So for me, choosing the M&P over the 2022 was an easy choice. Not because I already own an M&P, but because I believe the M&P is a better gun than the 2022.

This post has more bloviating than my first post, but the end result is still the same.:smt082


----------



## DevilsJohnson (Oct 21, 2007)

Many ranges rent weapons. This would allow you to get a feel for a weapon before you run out and drop the money. Even without being able to fire it you can hold it and and if you have any previous knowledge of shooting a given caliber you can use the experience to gauge how you might feel getting a weapon that has this firing system or has that type frame etc.

Like I had said before both your original and the added CZ makes three well built auto loading pistols. I don't own any of them but might given the opportunity. AS stated a striker fired weapons are different than ones with a hammer. A polymer frame is different than steel. but they all will function well and do what you ask of them as long as you are doing your part.

Keep in mind that steel framed weapons are heavier for the most part and that added weight can be a plus or minus depending on what your preferences are and what you will use it for. The added weight of a steel frame can help in managing muzzle flip but one plus to a striker fired weapon is it allows for a lower bore axis which can also help you with recoil.

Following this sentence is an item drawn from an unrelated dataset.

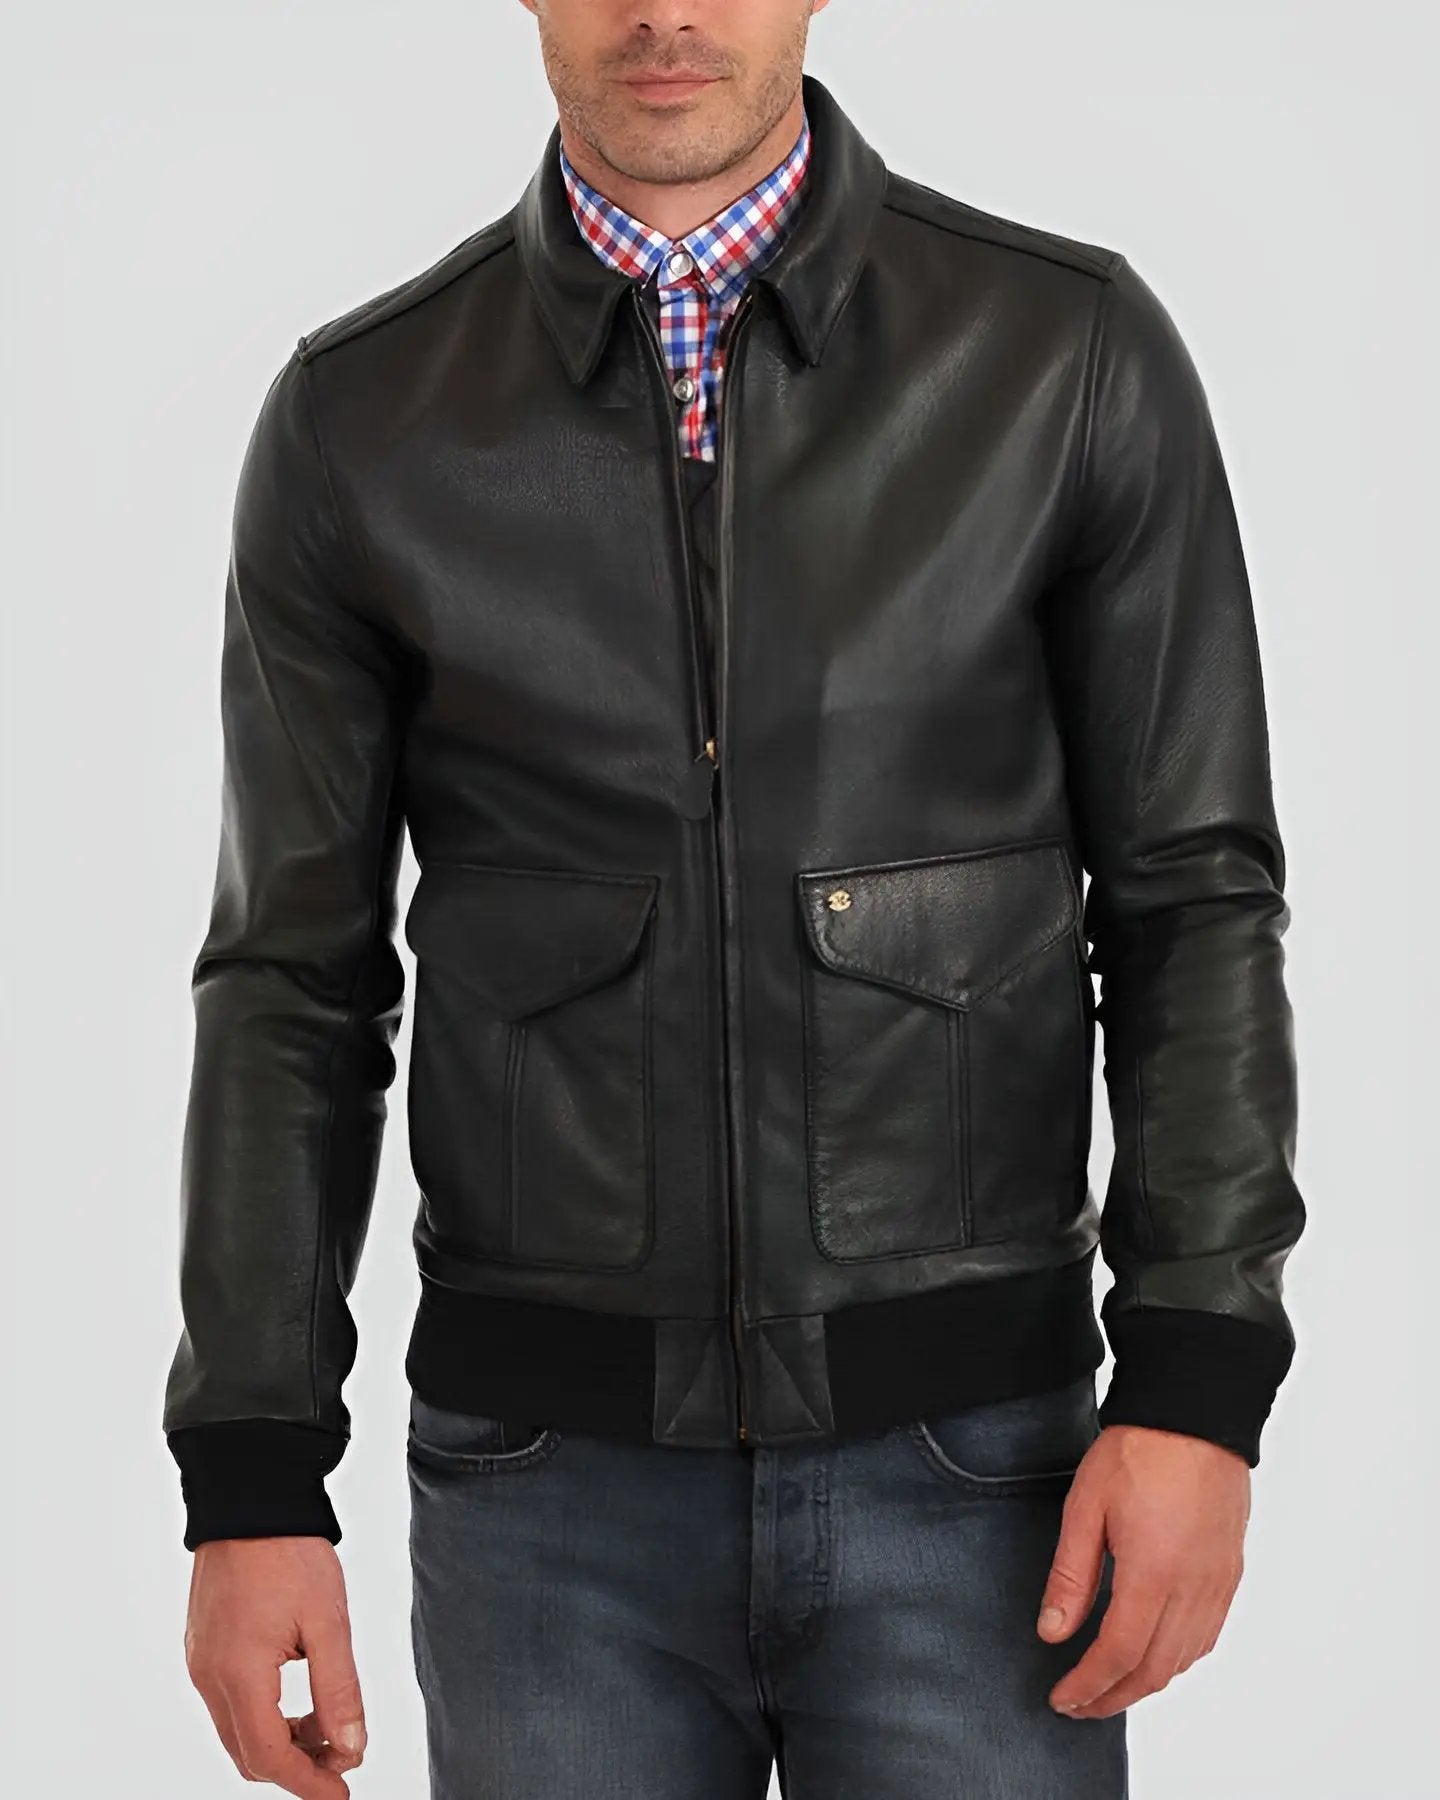 Jacket NYC Leather Black Mens - Jackets Leather Bomber Kyros

Being all of your choices are well made and from companies that are well known for building quality weapons any one you get is going to work well. The scale tipping aspect will come in how each weapon feels in your hand. Bare in mind that the smallest discomfort can transfer into doubt in a shooting situation so i is important to use a weapon that feels natural in *your* hand.

If I was in your shoes I have no idea what I'd pick. Being the CZ is a steel frame weapon I might lean that way being my dislike for most polymer frame weapons. But I do own one so it's not like I wont buy one. But I am a huge fan of Sig Sauers' and I do like the new S&W autos so again I would hold them all. See how they feel in *my* hand. I will look at the grip angle and see if any had an angle that was not well suited for how I use a weapon. Than make a choice based from that feel.

As to if you *need* a 45? No, you don't need anything. You might want a 45 for any of a dozen reasons. A 45 ACP round is as good a round as is out there and would serve you well in that's what you want to get. If you shoot a 9mm better than a 45 then you might not *need* a 45. The weapon that you use best in a caliber you have the best accuracy with is what you need.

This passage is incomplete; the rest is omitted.